* Description of the task
Would you please restate the data exactly as it stands, apart from the pictures?

* Data extract
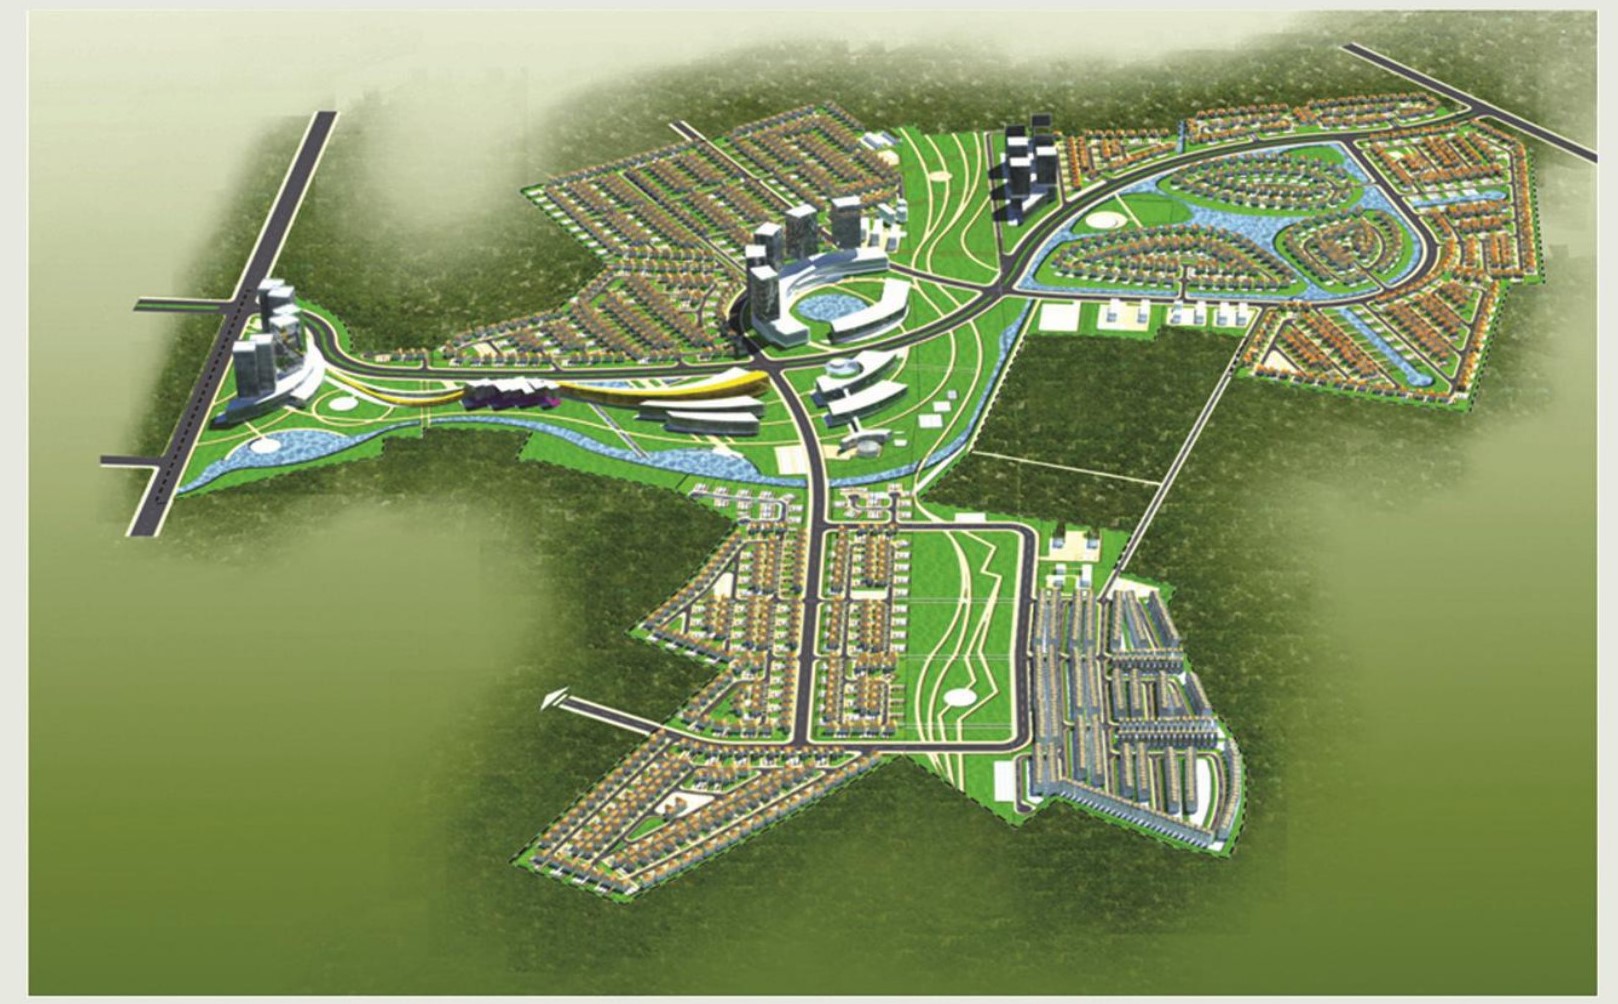 bản đồ phối cảnh tổng thể dự án 1/2000 khu đô thị sinh thái Hồng hạc - Xuân Lãm Bắc Ninh
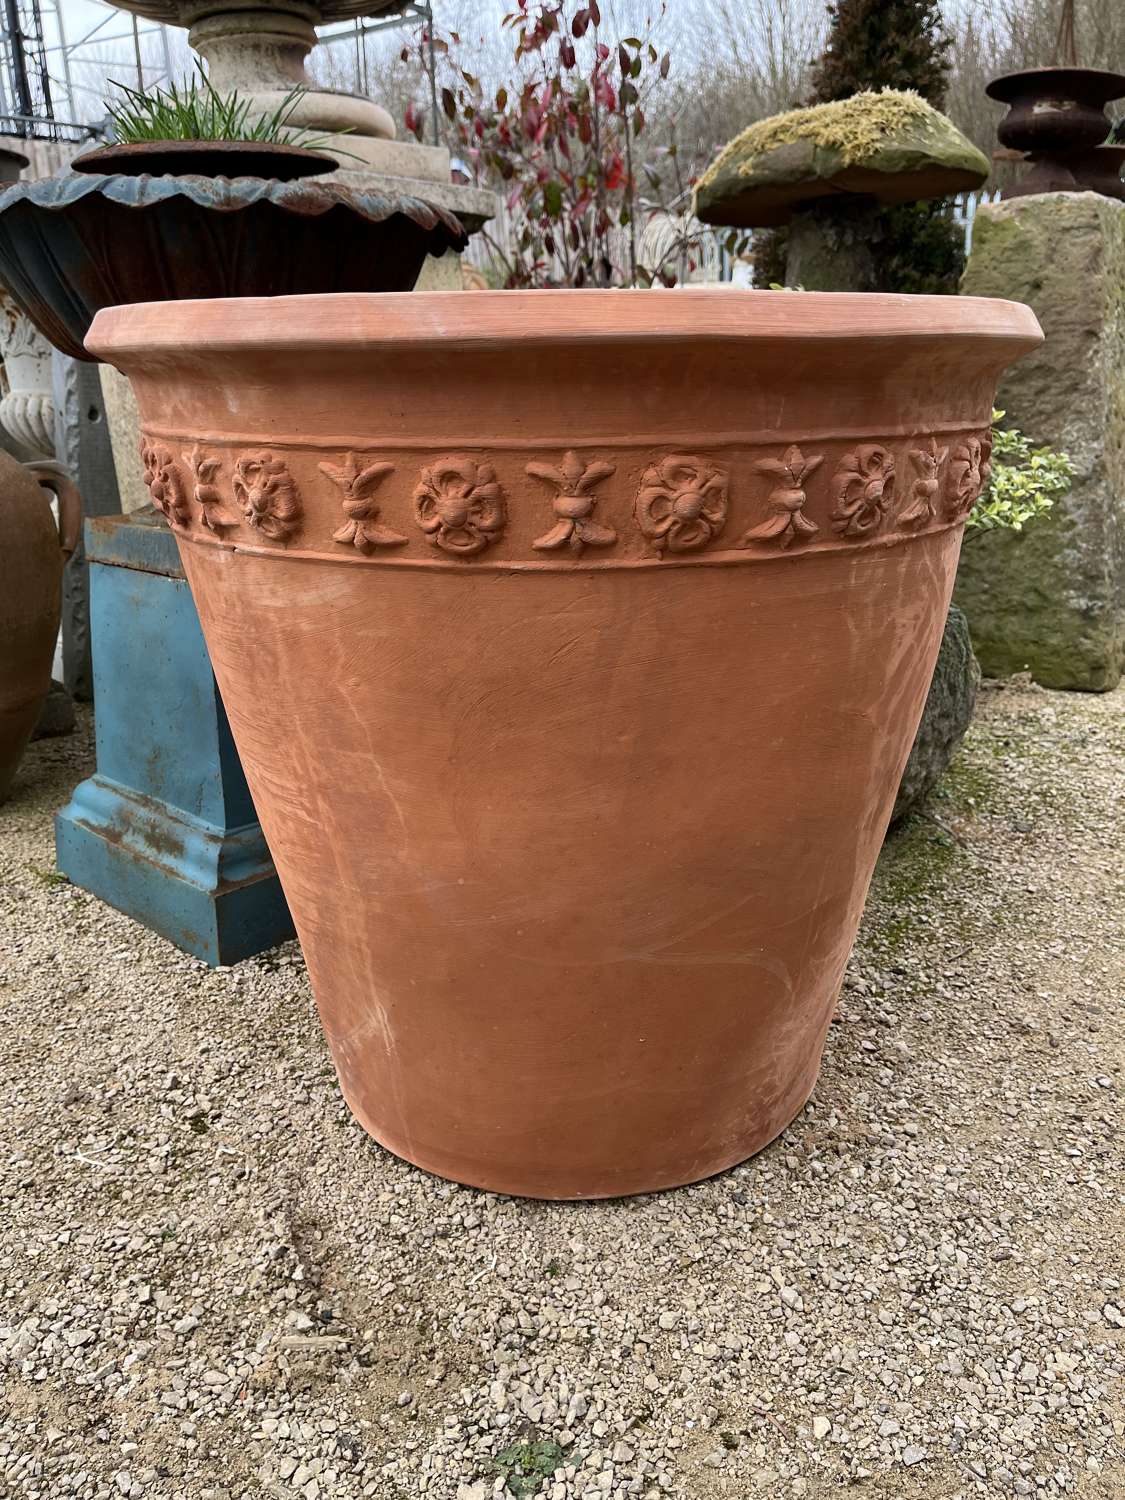 Tall Decorated Terracotta Pot - Italian terracotta pots 62 cm tall
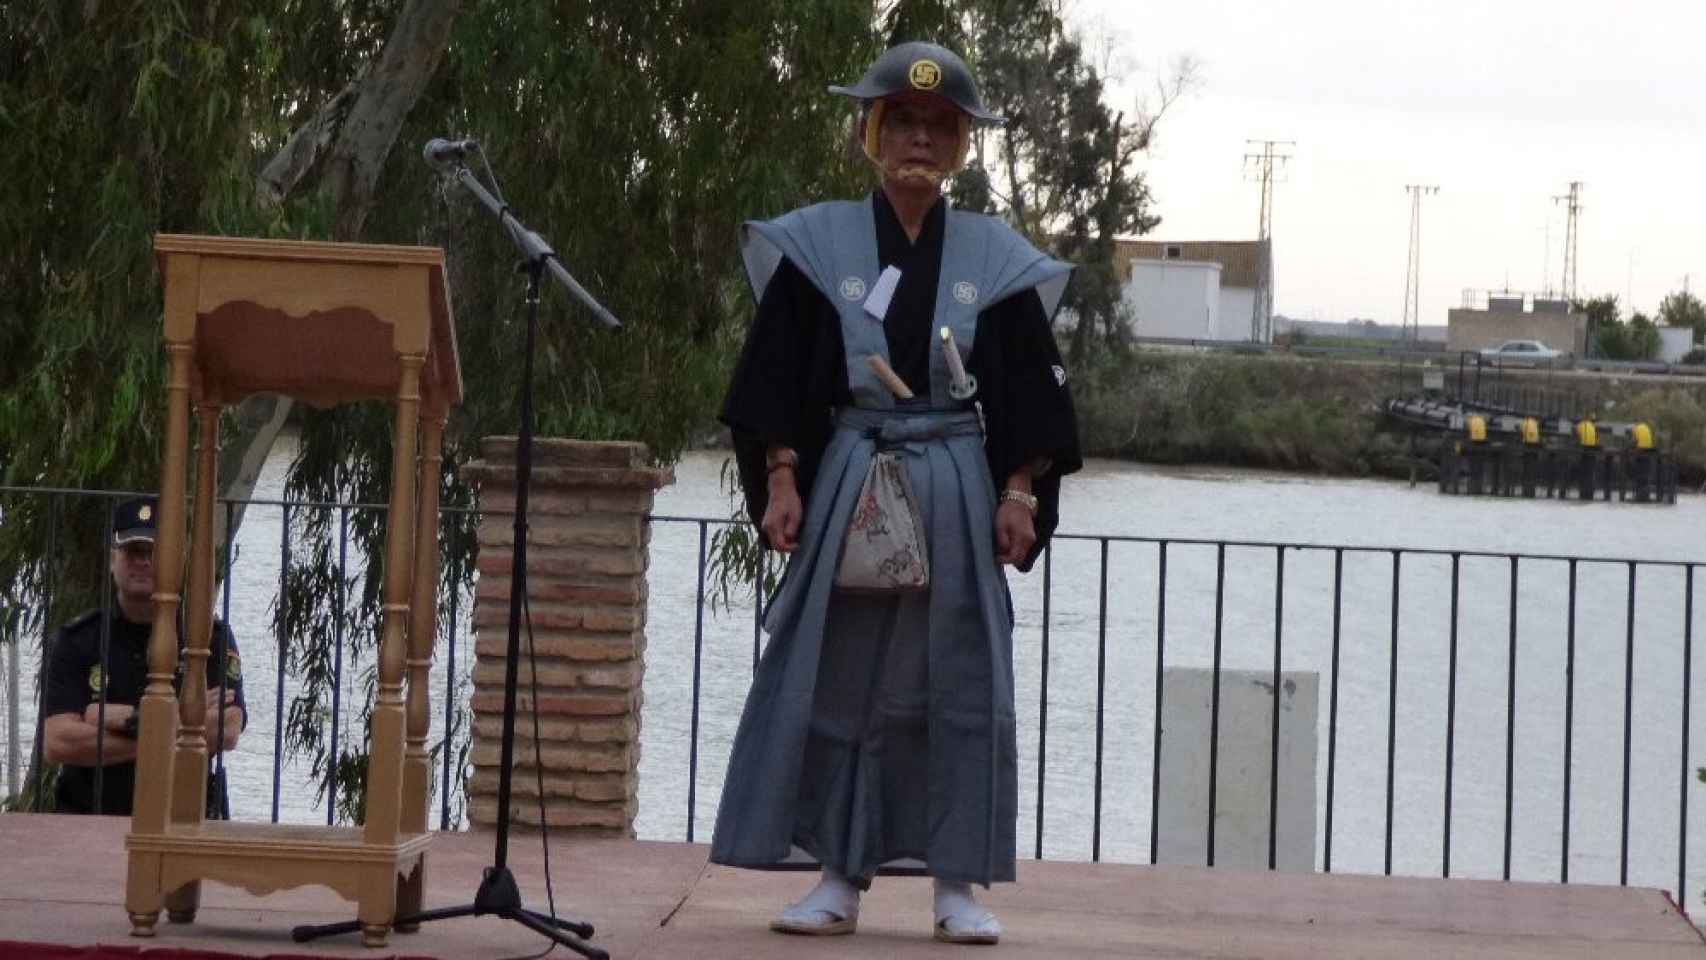 El samurái Hasekura Tsunetaka, XIII generación, heredero del histórico. Falleció en 2019 y su sucesor ya ha visitado Coria del Río dos veces.

* Answer box
 bản đồ phối cảnh tổng thể dự án 1/2000 khu đô thị sinh thái Hồng hạc - Xuân Lãm Bắc Ninh
 Tall Decorated Terracotta Pot - Italian terracotta pots 62 cm tall
 El samurái Hasekura Tsunetaka, XIII generación, heredero del histórico. Falleció en 2019 y su sucesor ya ha visitado Coria del Río dos veces.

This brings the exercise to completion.